I feel like sometimes it’s the bigness of the problem that scares us the most, and so a solution that feels practical becomes the only response we can imagine. But when people have guns to protect them from black people and the government, a black president is not going to have much luck trying to repeal the 2nd Amendment. Especially when our response to a white guy shooting up a school is to tell people to be on the watch for “suspicious characters.” If there’s a solution, the law might be part of it, and the people who were demonstrating in front of the White House yesterday, good for them. I’d have joined them; I’m all for taxing the living shit out of anyone who wants to own a gun in a big city, for example. I’ll sign that petition, why the hell not. But as long as there’s a loophole, as long as some people are more animal, more killable than white kids in Connecticut, there will still be people killing people, and people who are crazy enough to want to do it are crazy enough to find a way.

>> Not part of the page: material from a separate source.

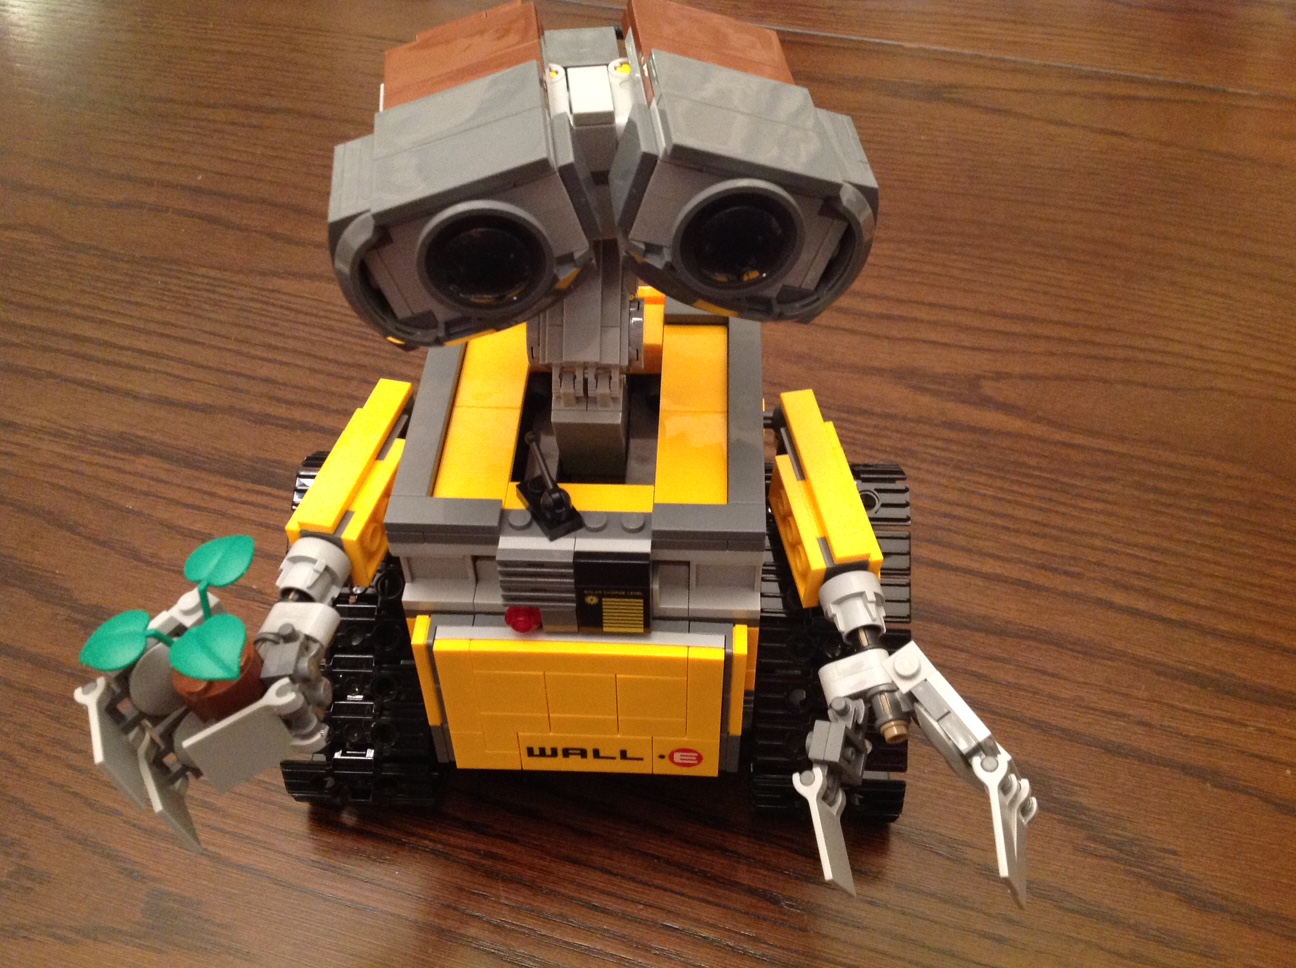 LEGO 21303 WALL•E review

And we should be aghast about every single one of the dead kids, and adults, not just the white ones who were killed by automatic weapons in a school.The frustrating thing about this is it is both right and wrong. It is right because it makes clear the enormity of the problem. It is wrong because if you say, "Wow, that's just too big," then no one does anything and we all cross our fingers and hope and pray the daily body count doesn't include people we love.